KĀLAKARĀMA SUTTA

At Kālaka’s Park (AN.IV.24)

Translated from Pāli by Christopher J. Ash

At one time the flourishing one (the Buddha) was staying at Sāketa, in Kālaka’s monastery, where he addressed the mendicants:

“Practitioners!”

“Sir,” they replied.

“Practitioners, whatever there is – in the world, with its gods, it Māras and Brahmas; among the beings consisting of recluses, brahmins, gods and men – whatsoever is seen, heard, sensed, and cognised, attained, sought after, and ruminated on by the mind: I know all that. I have fully comprehended all that; all that is known to a Tathāgata,* but a Tathāgata does not place himself under that knowledge.
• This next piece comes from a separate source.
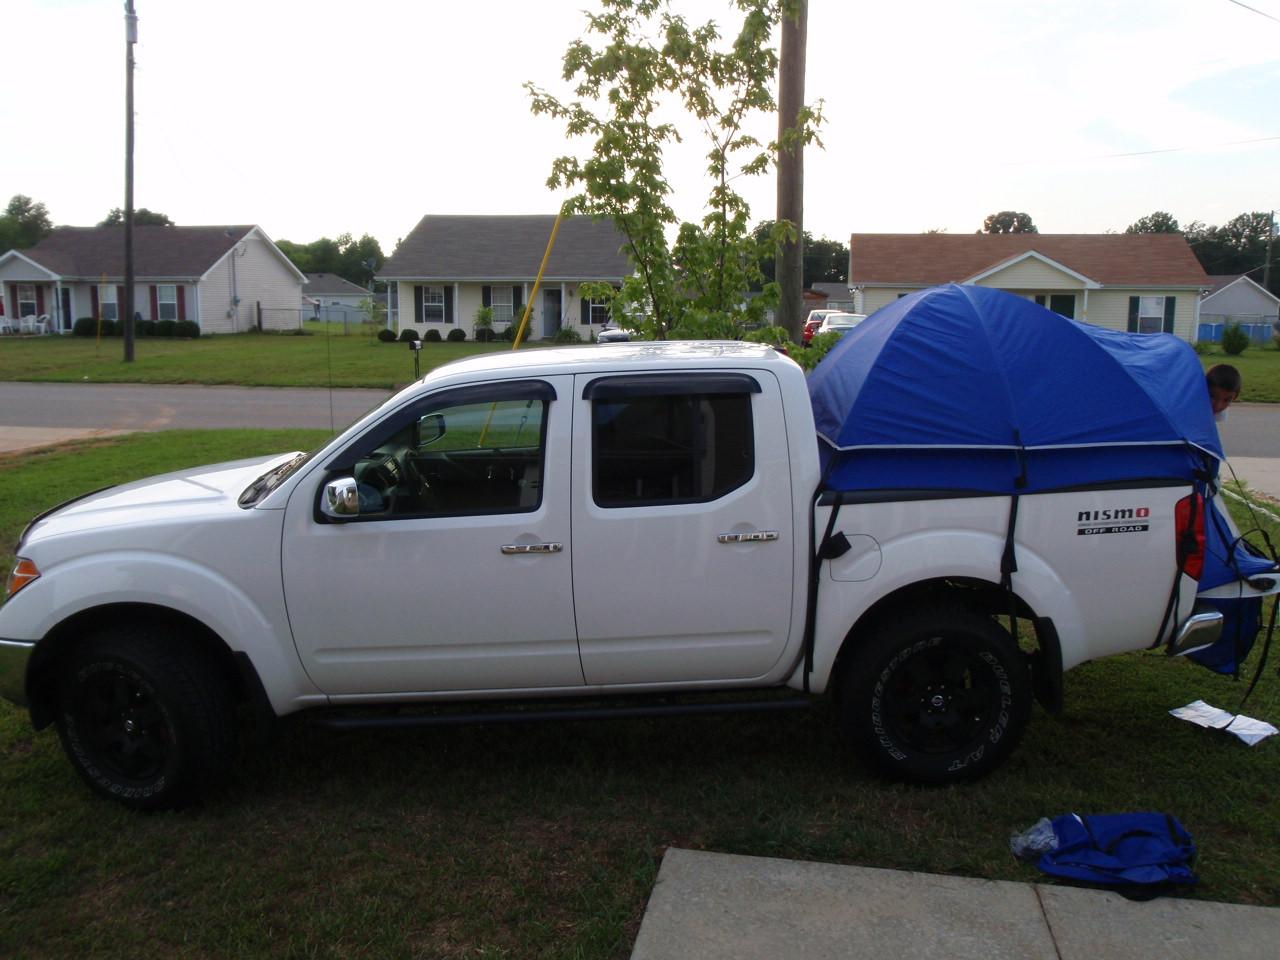 Cc Nissan Bed Tent P7100093 Jpg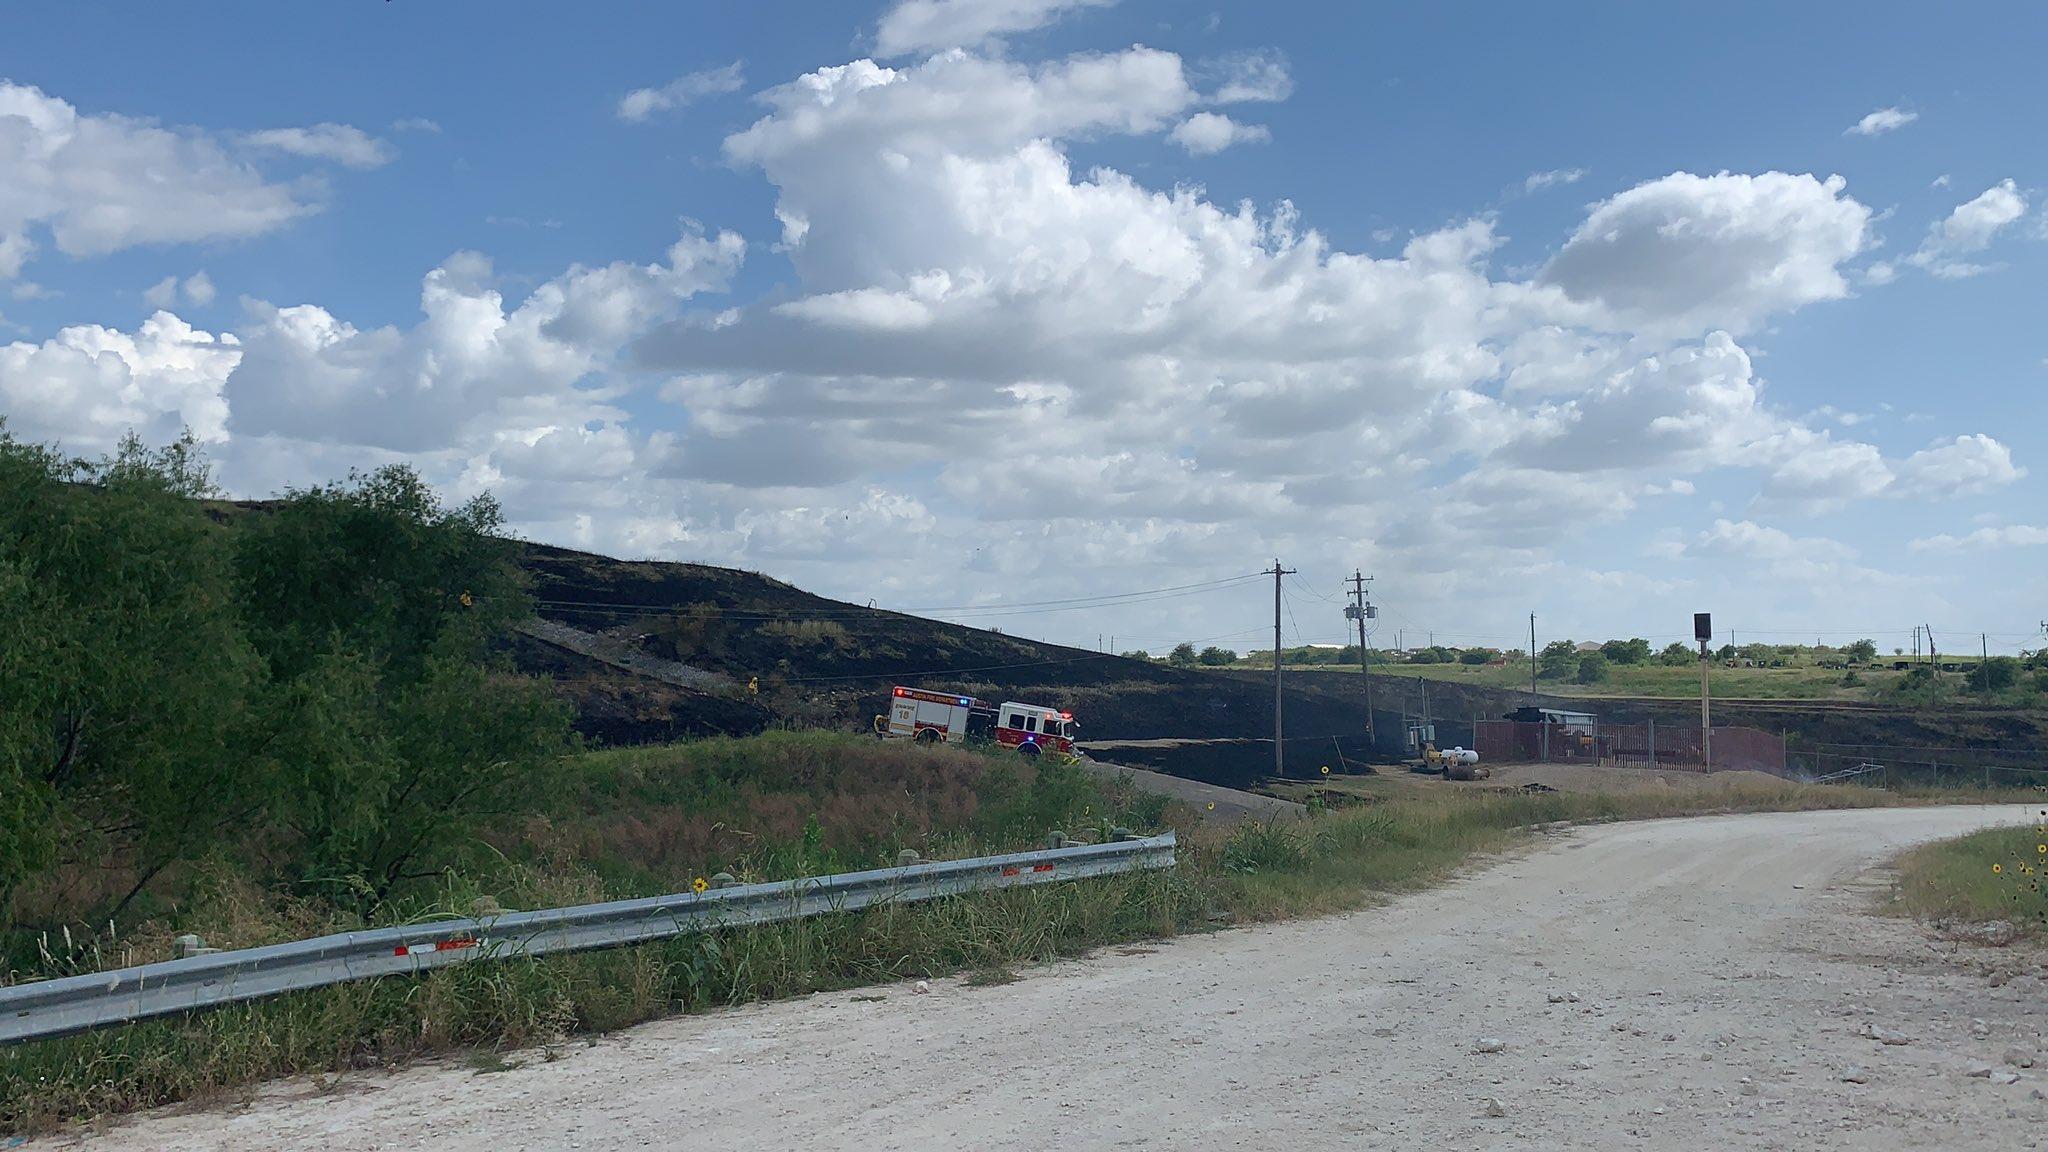 Brush fire landfill 7-19-20

“If I were to say: ‘Practitioners, whatsoever in the world . . . . whatsoever is seen and heard . . . . . by the mind, all that I do not know,’ It would be false of me.  If I were to say: ‘I both know it and know it not,’ that, too, would be false of me. If I were to say: ‘I neither know it, nor am I ignorant of it,’ it would be a fault in me.

“Practitioners, when seeing, a Tathāgata does not conceive of a seen; she does not conceive of an unseen; she does not conceive of a ‘possible-to-see’;** and, she does not conceive of a seer.

“When hearing, she does not conceive of a thing heard; she does not conceive of an unheard; she does not conceive of a ‘possible-to-hear’; and, she does not conceive of a hearer.

“When sensing, he does not conceive of a thing sensed; she does not conceive of an un-sensed; she does not conceive of a ‘possible-to-sense’; and, she does not conceive of one sensing.

“When cognizing, she does not conceive of a thing cognized; she does not conceive of an uncognized; she does not conceive of a ‘possible-to-cognize’; and, he does not conceive of a cognizer.

“Thus, Practitioners, a Tathāgata being ‘such’ in regard to all phenomena seen, heard, sensed and cognized, is ‘such.’ Moreover, I say: Than one who is ‘such,’ there is none greater or more excellent.

“Whatever is seen, heard, sensed, or clung to,
is valued as ‘truth’ by other folk.
Amid those who are stuck in their views,
I hold nothing as true or false, being ‘such.’

“This snag I beheld, long before,
whereupon humankind is hooked, is impaled:
‘I know, I see. It is truly so.’
No such clinging for Tathāgatas.”

© 2021, Christopher J. Ash

Notes:

* It is helpful to think of Tathagāta as referring to a person who comes and goes in suchness – that is, who is not identified with anything that comes and goes; who, for that reason, can’t be found by Death.
The one for whom there is no attachment, with its net,
No craving to lead him anywhere –
By what path will you lead him,
The trackless Buddha of infinite range?

Trans by Valerie Roebuck, The Dhammapada (Penguin Classics), verse 180. Penguin Books Ltd.

** This is literally ‘to-be-seen,’ which could refer to a future seeing. Ñāṇananda translates it as ‘a thing-worth-seeing.’ Bodhi: ‘What can be seen.’ Thanissaro: ‘to-be-seen.’ Given the context, I’ve taken it as closer to  Ñāṇananda’s translation, and Bodhi’s. I suggest it represents some desire for a different kind of object, wishing for another kind of experience.
So, I suggest that the Tathagāta  doesn’t conceive of objects as actual, independent, and over there; objects in any condition – an object seen, an object not seen, an object possible to see (imagined). Neither does she doesn’t conceive of a seer.